To ?   13 septembre 1834

[13 septembre 1834]
Monsieur le Vice-Président,

M. Ferrus 1, principal du collège de Perpignan, s'est présenté chez moi mardi dernier et m'a prié de vous écrire jusqu'à quel point je le croyais capable de diriger un collège où les mathématiques seraient considérées comme le but principal de l'instruction. Autant que j'ai pu en juger par les conversations que nous avons eues sur ce sujet et par ce que j'ai vu à Perpignan lorsque j'en ai examiné le collège il y a deux mois, M. Ferrus m'a paru entendre fort bien tout ce qui est relatif à cette partie de l'administration collégiale et avoir sur cette matière des idées très justes, quoi qu'il n'ait pas poussé fort loin l'étude des mathématiques à l'enseignement desquelles il s'était autrefois consacré, mais que d'autres occupations ne lui ont pas permis de cultiver depuis.

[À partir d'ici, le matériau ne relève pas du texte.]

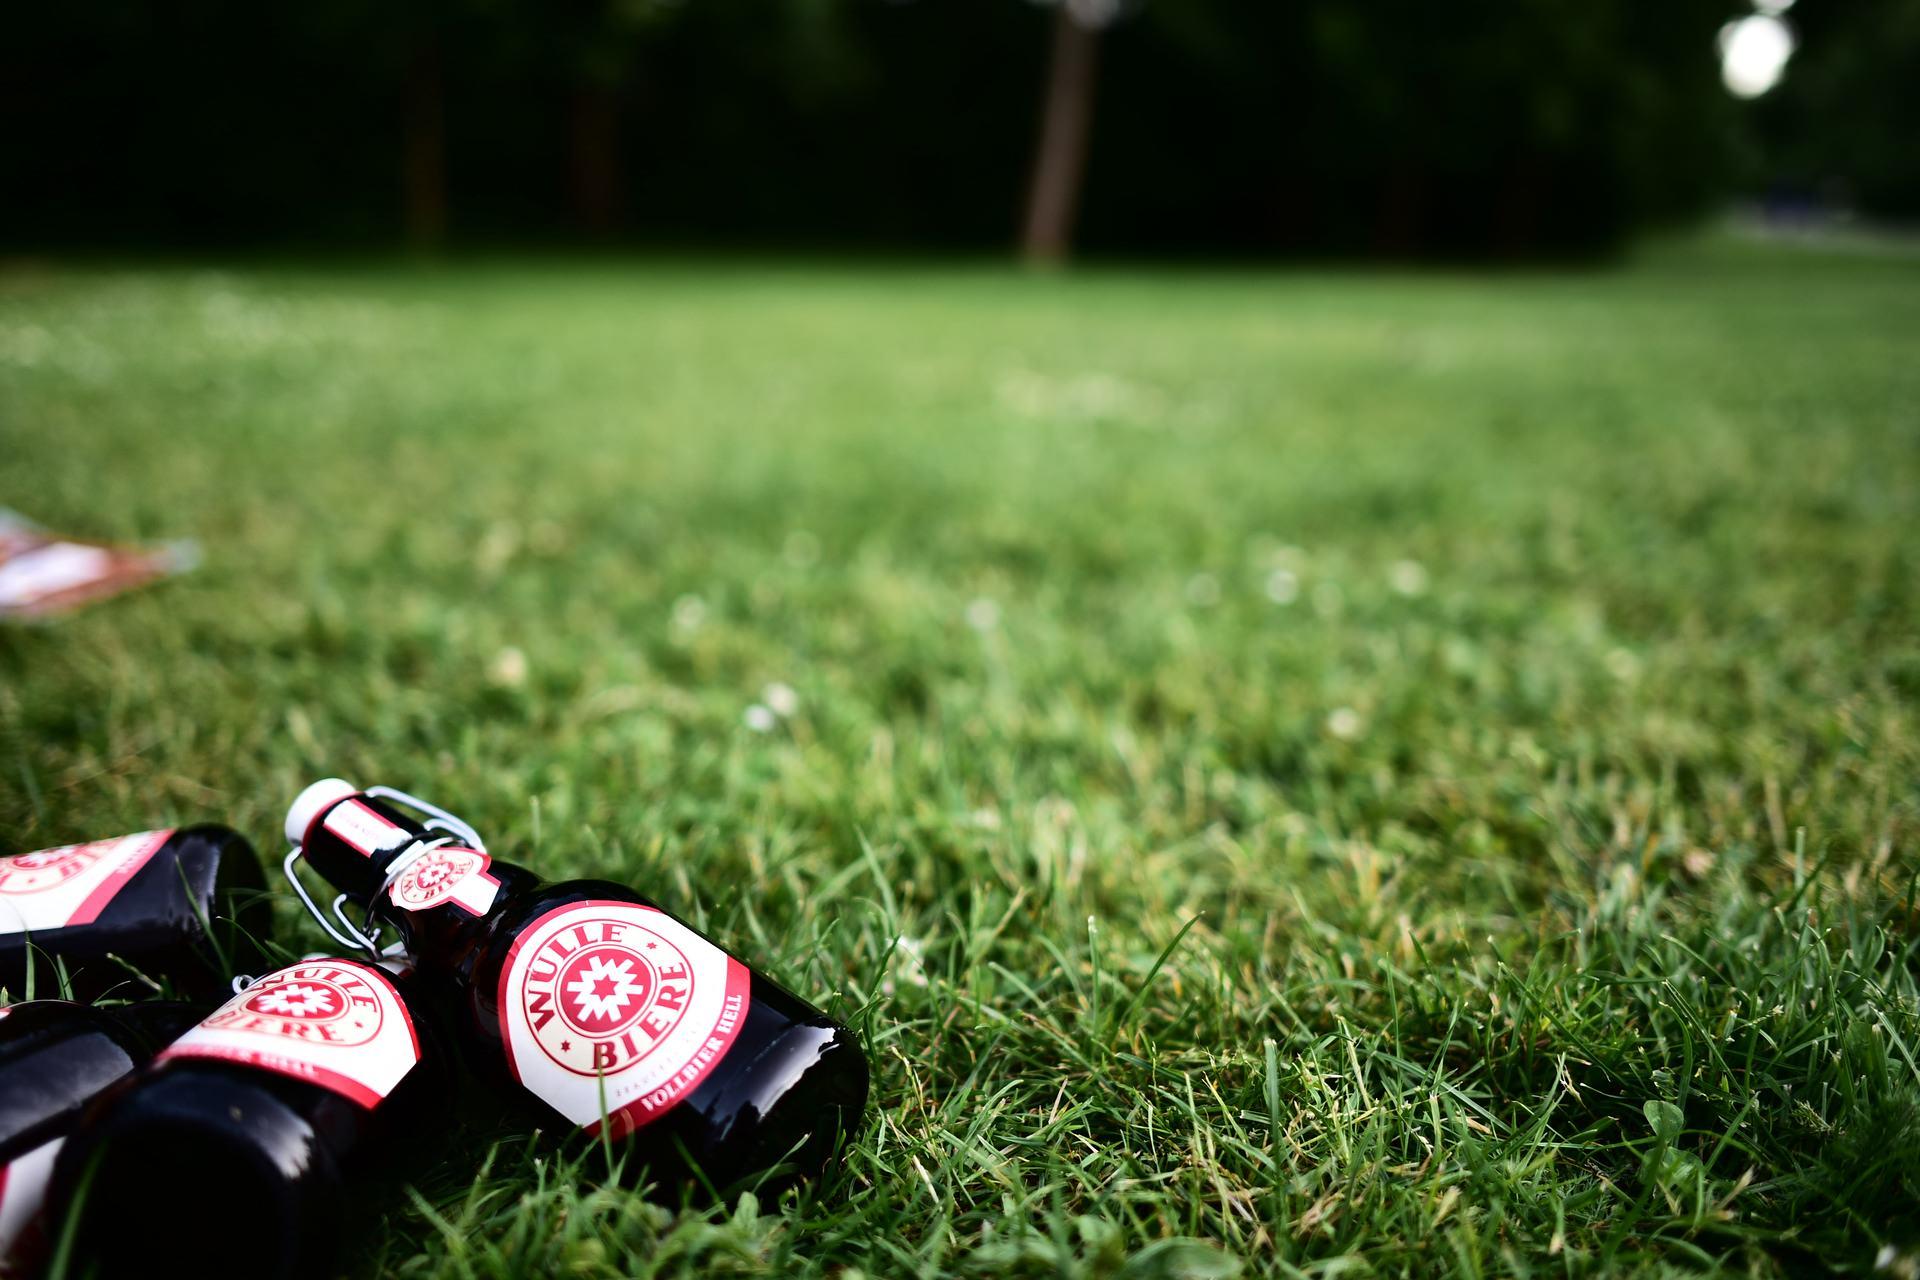 Essen & Trinken: Bier

Grâce à la bonne distribution qu'il a faite des études dans le collège qu'il dirige, et au soin tout particulier qu'il a pris des classes de mathématiques, elles y sont sans contredit les plus fortes, et mieux organisées que dans les autres collèges communaux que j'ai inspectés, et même que dans plusieurs collèges royaux.

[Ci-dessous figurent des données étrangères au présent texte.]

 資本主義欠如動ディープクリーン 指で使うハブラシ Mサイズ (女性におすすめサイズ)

En résumé, je pense que M. Ferrus est un des hommes les plus propres à donner aux études mathématiques d'un collège une excellente direction et qu'il serait, par conséquent, convenablement placé à la tête d'un établissement particulièrement consacré. Son caractère et sa position sont d'ailleurs bien faits pour inspirer un vif intérêt, car il est la victime de son zèle et de sa confiance dans les promesses qu'on lui avait faites et qu'on ne paraît pas disposé à tenir quoiqu'on se loue beaucoup de lui à Perpignan.

Me permettez-vous, Monsieur le Vice-Président, de saisir cette occasion pour vous supplier, d'après l'intérêt que vous m'avez témoigné tant de fois, de vouloir bien m'accorder un moment d'audience pour vous faire hommage du premier volume de mon Essai sur la Philosophie des Sciences, qui est enfin terminé. Je sais que tous vos moments sont pris dans ce moment surtout, mais il ne s'agit que d'un instant, et cet instant est d'une bien grande importance pour moi, ayant à vous communiquer une chose à laquelle j'attache un bien grand intérêt.

Pensant que le dimanche est le jour où vous êtes le plus libre, j'aurai l'honneur de me présenter demain chez vous. Ma reconnaissance n'aurait point de bornes si vous daigniez accueillir ma prière.

Je suis avec respect, Monsieur le Vice-Président, votre très humble et très obéissant serviteur. A. Ampère Inspecteur général des études.

(2) Voir la note de la page 192 sur un M. de Férus qui est probablement sans rapport avec celui-là.